True, evolution can function with small-mind agents.  They can differentially 
survive based on fitness.   Requiring an entirely separate platform for 
survival with different bodies for locomotion, immune system, etc. is wasteful. 
  A big system like the U.S. government or a corporation makes many commitments 
that makes conceptually simple things like deploying EV chargers take years.   
But if the big system weren't many slow minds constrained by many rules, but 
one fast mind, I don't see a reason why it couldn't be agile.   LLMs are faster 
when they are small and dumb, but they aren't that much faster.   (I don't use 
Haiku, I use Sonnet -- I'd rather get a good answer than a slightly faster or 
cheaper answer.)

The CS analogies are obvious:  64-bit address spaces are more useful than 
32-bit and 32-bit are more useful than 16-bit.   Once the address space is big 
enough one can run whole separate systems.   Swarms of Swarms of Swarms all 
simulated on the same platform, not federated across systems.   

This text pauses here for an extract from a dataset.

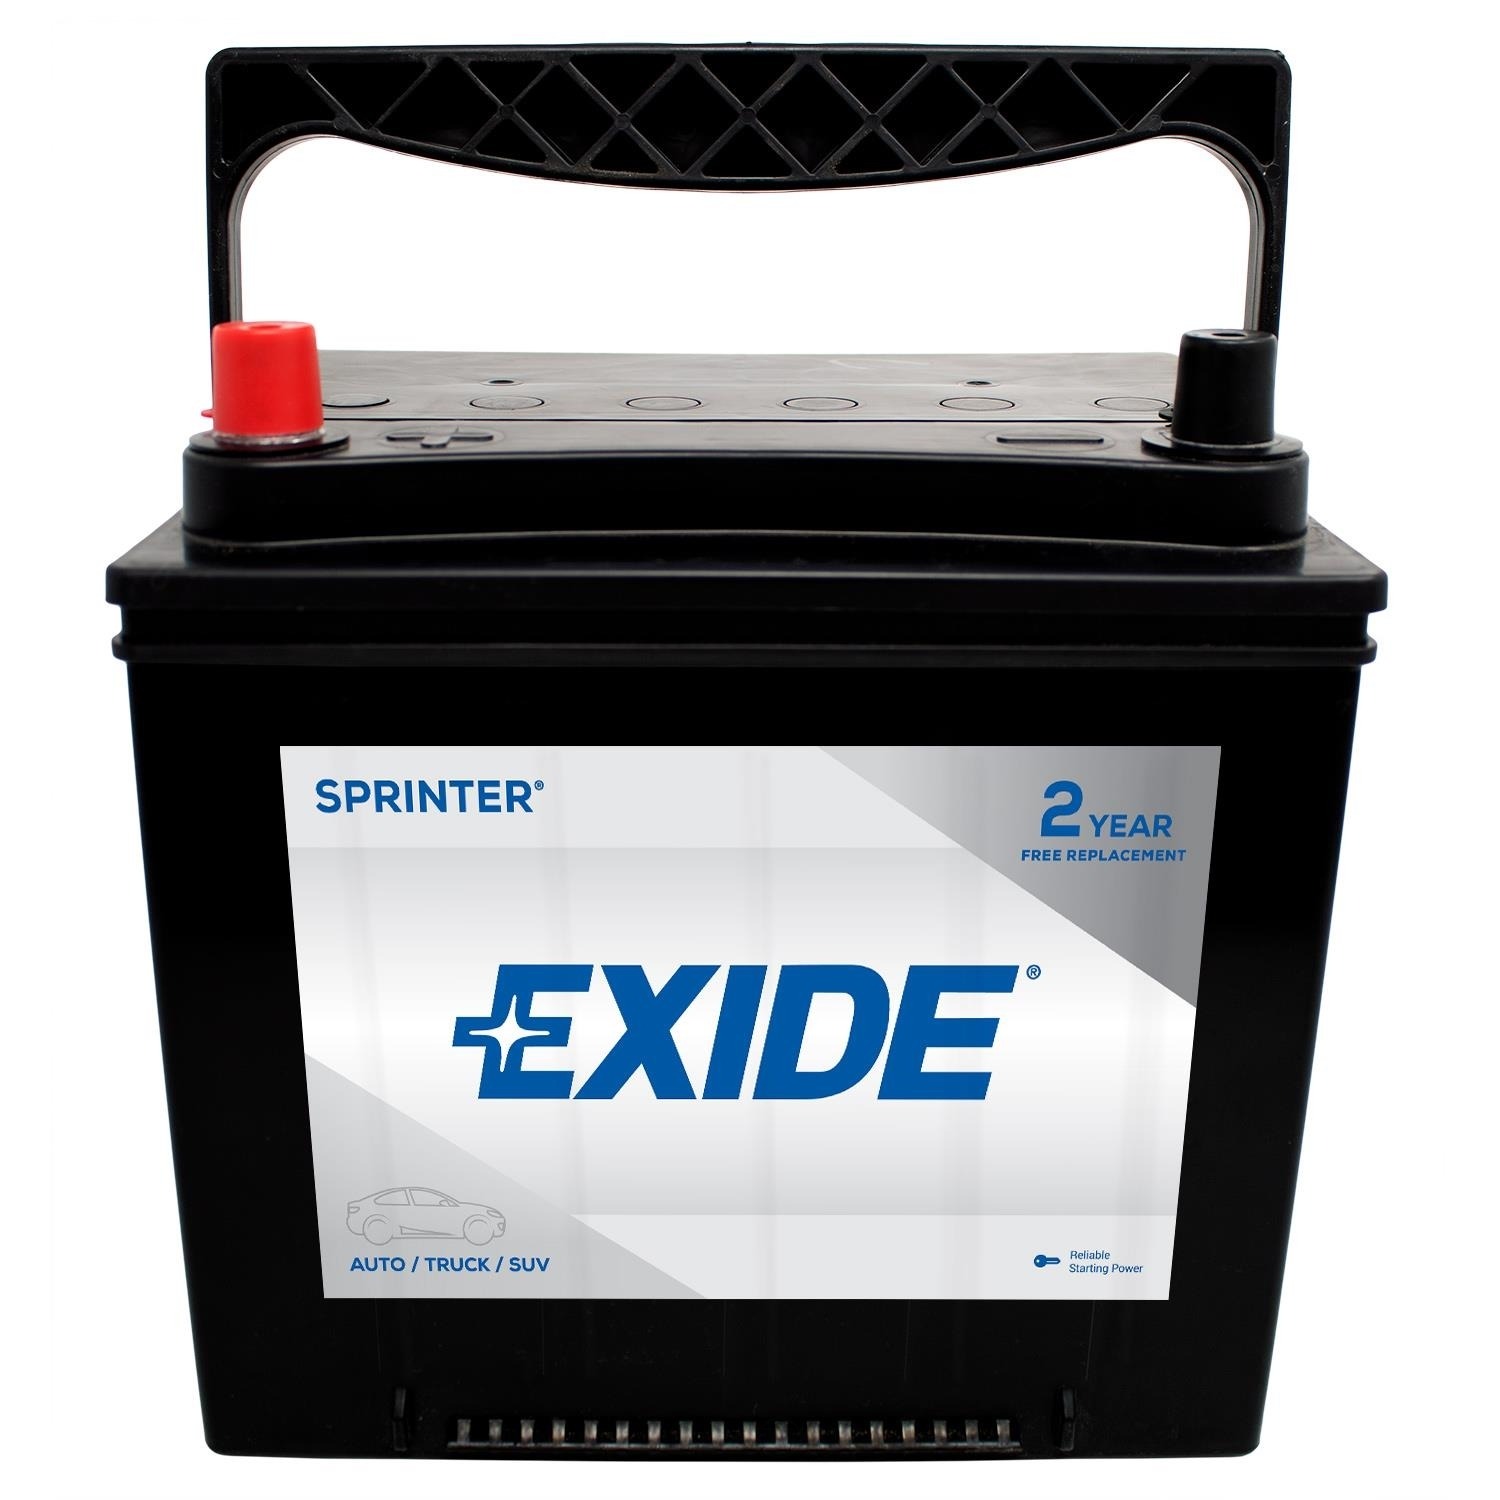 EXIDE BATTERIES - SPRINTER - CCA: 550 - EX1 S35

Professionals are middle-aged by the time they start to work.   It doesn't seem 
sustainable.   Evolution worked for bootstrapping, but it is costly to keep it 
going. 

-----Original Message-----
From: Friam <[email protected]> On Behalf Of glen
Sent: Wednesday, May 7, 2025 11:12 AM
To: [email protected]
Subject: Re: [FRIAM] a variety of uses

As always, there's a tradeoff at least analogous to space and time. The primary 
benefit I see to many independents isn't pluralism so much as the ability to 
explore (and co-construct) pathological spaces. It's still a single/monist 
space, just very weird. The one massive LLM seems to imply a convex space where 
any point can be reached (even if only by interpolation).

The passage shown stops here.